In high-throughput systems we see customers using the intermediary approach. You can find a post by Jet from a few years back, where they describe their approach to publish all the events from the ESDB cluster to Kafka, where you can partition events. On the ESDB-egress and Kafka-ingress, it’s still one sequential subscription, but it doesn’t normally struggle with performance. We have a Kafka sink for the Replicator, which allows you to partition events based on event data among other things. The sink is not very fast as it uses confirmed writes to Kafka, which isn’t very fast. Still, it might give you some ideas.

We are working on a set of impactful changes for our product, which are expected to mitigate or entirely remove a lot of concerns like this one. At the end of the day, you should be able to do what ESDB does now, what you would do with Kafka, and even more than that, using ESDB only. It’s all in active development, and we aim to publish a product roadmap soon.

1 Like

Excellent. Thanks everyone for your replies and the good comments and ideas.

Order of events is indeed a concern for my read models, so definitely the persistent subscription with subscription groups would not be an option for me, the same as I don’t use a SNS/SQS message broker for projecting read models for the same reason.

For now the best option for my scenario is to have a single subscriber projecting into read models, which should be enough (I think).

I guess there are some tricks, similar to the single table modeling patterns some use with DynamoDb, to use some special stream naming worth considering.

Thanks again, plenty of info there to consider some good options.
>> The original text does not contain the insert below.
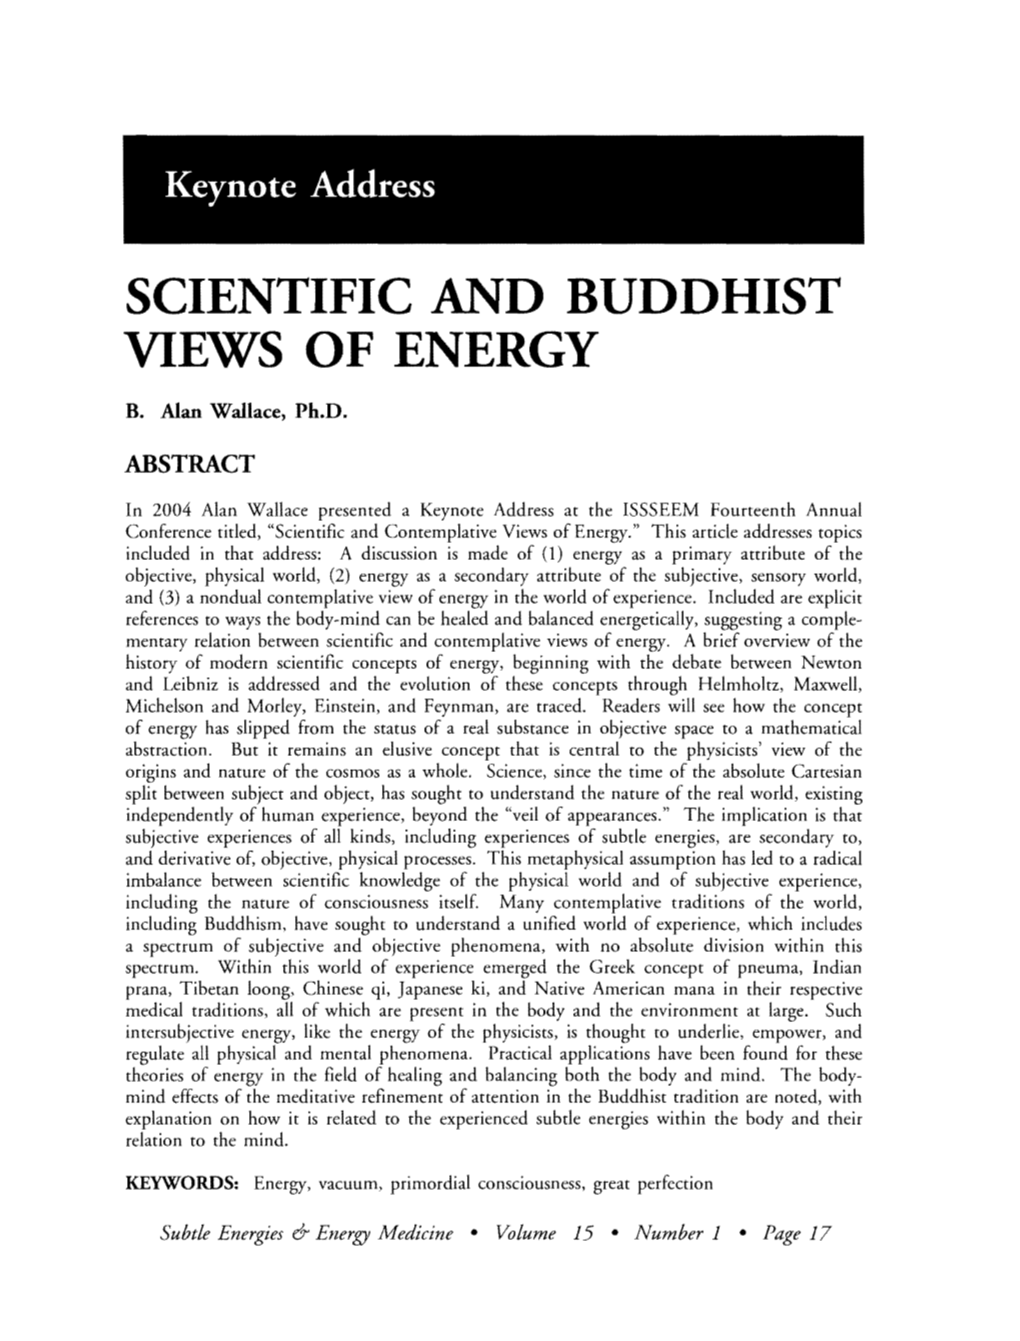 Scientific and Buddhist Views of Energy

There are different kind of brokers. Kafka is a partitioned log, so every partitioned topic maintains the order within a single partition, so you have a guarantee that for each consumer in a consumer group those events will be in order. You just need to partition them correctly. Google PubSub Lite is very similar to Kafka, as well as Azure Event Hub. Not sure about AWS though. Google PubSub now has the ordering key, which is not the partition key, but it can be used similarly. It’s just that choosing the ordering key is a completely different story compared with choosing the partition key, given the implementation specifics.

I mean, Jet used Kafka for event partitioning for read models, where events come from ESDB, for years. It’s a valid pattern, at least until we introduce a similar concept inside our product, which will happen, it’s just a matter of time.